To run the Bookmarks App locally, follow these steps:

  1. Clone the Repository:

    git clone https://github.com/yaldram/bookmarks-app.git
  2. Start the Frontend and Backend Servers:

    cd frontend
    npm run dev
    cd backend
    npm run dev
  3. Create and Configure the .env File:

    Create a .env file in the root directory of the backend folder and copy over the variables from .env.sample

The app will be accessible at http://localhost:3000.

Serverless

  • To deploy the lambda function cd serverless/summarize and run npm install
  • Then cd .. run sam build
  • To deploy the stack use sam deploy --guided

Resources Created:

  • Lambda Function (SummarizeFunction): A serverless function hosted on AWS Lambda. Responsible for summarizing content.

  • Event Rule (EventRule): A rule in AWS Events that triggers when new records are inserted into MongoDB. This rule then activates the 'summarizer' AWS Lambda function.

  • Lambda Function Permission (PermissionForEventsToInvokeLambda): Provides permission for the Event Rule to invoke the Lambda function. Specifies necessary actions and permissions for event-driven execution.

Configuration Tips

Creating a Search Index in MongoDB Atlas

  • To gain a deeper understanding of indexing vector embeddings for effective vector search, please refer to the comprehensive documentation on How to Index Vector Embeddings for Vector Search.

  • In your query pipeline, make use of the powerful $vectorSearch stage. This stage plays a crucial role in facilitating efficient vector searches.

  • For more precise filtering, integrate the $filter pipeline stage. This allows you to filter bookmarks based on their collectionIds.

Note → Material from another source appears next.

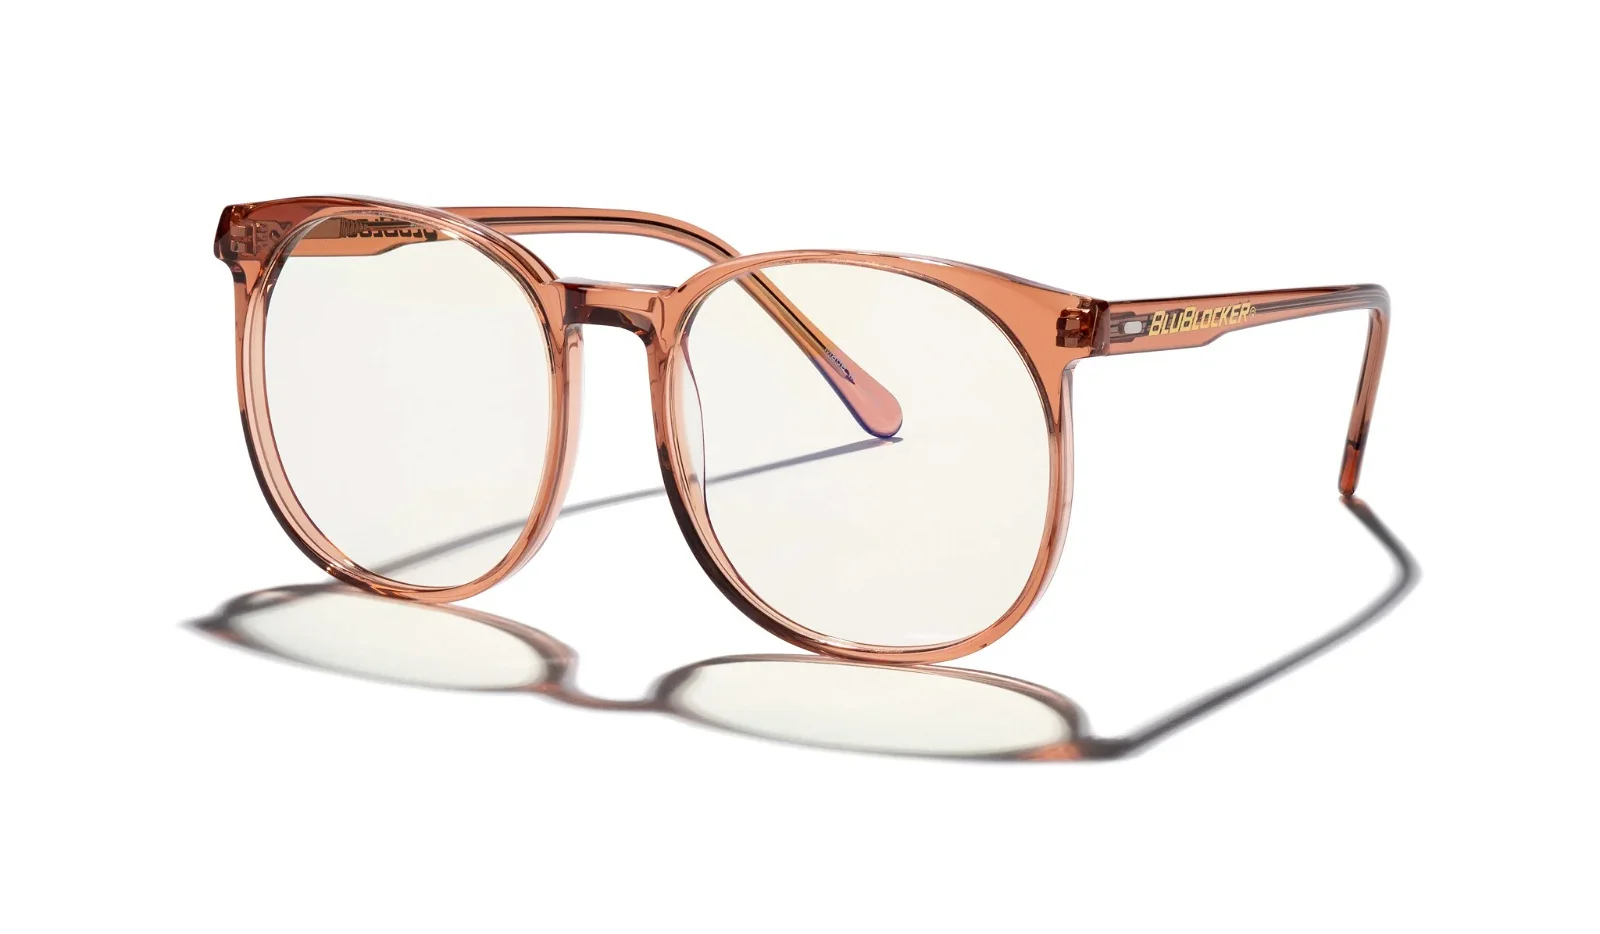 McGill Tech Glasses with Acetate Frame in Rose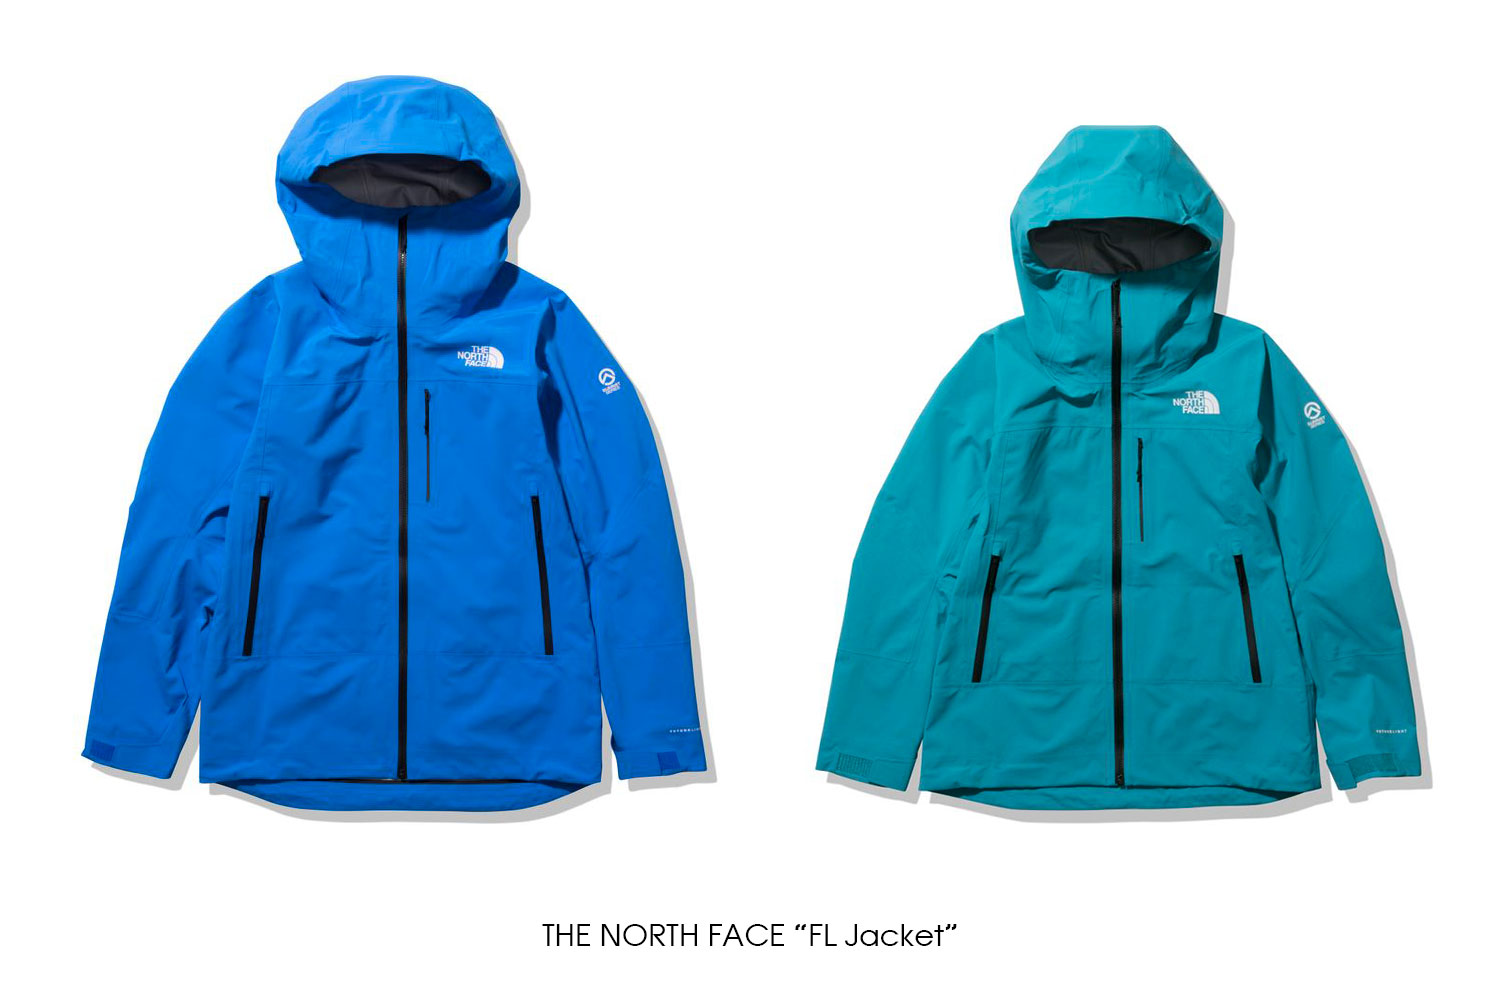 THE NORTH FACE "FL Jacket"

Here's the vector search index created in MongoDB Atlas, used in the application -

{
  "fields": [
    {
      "numDimensions": 1536,
      // the name of embedding field
      "path": "embedding",
      "similarity": "cosine",
      "type": "vector"
    },
    {
      "path": "collectionId",
      "type": "filter"
    }
  ]
}

Real-Time Updates with MongoDB Realm

The application has been updated to utilize MongoDB Realm for real-time updates instead of Server-Sent Events (SSE) used previously.

Key Improvements

  1. Real-Time Updates: Replaced SSE with MongoDB Realm for seamless real-time data synchronization.
  2. Reduced Server Load: By leveraging Realm, the Node server no longer handles change streams or SSE events, focusing solely on API delivery.
  3. Efficient Client Management: MongoDB Realm handles client connections and management, reducing server-side compute.

Implementation Guide

To implement these changes:

  1. Create MongoDB Realm App: Follow this tutorial to set up an app service in MongoDB Atlas for real-time data updates.

Environment Variables in Lambda Function

After deploying the application, navigate to the AWS Lambda Management Console. Locate the deployed Lambda function. Inside the function configuration, add the following environment variables:

  • MONGO_URI: MongoDB Atlas cluster URL for storing extracted data.
  • OPENAI_API_KEY: OpenAI API key for accessing the OpenAI API.

Contribution Guidelines

We welcome contributions from the community! If you'd like to contribute to the Bookmarks App project, please follow these guidelines:

  • Fork the repository and create a new branch for your feature or bug fix.
  • Make your changes and submit a pull request.
  • Provide a clear and detailed description of your changes in the pull request.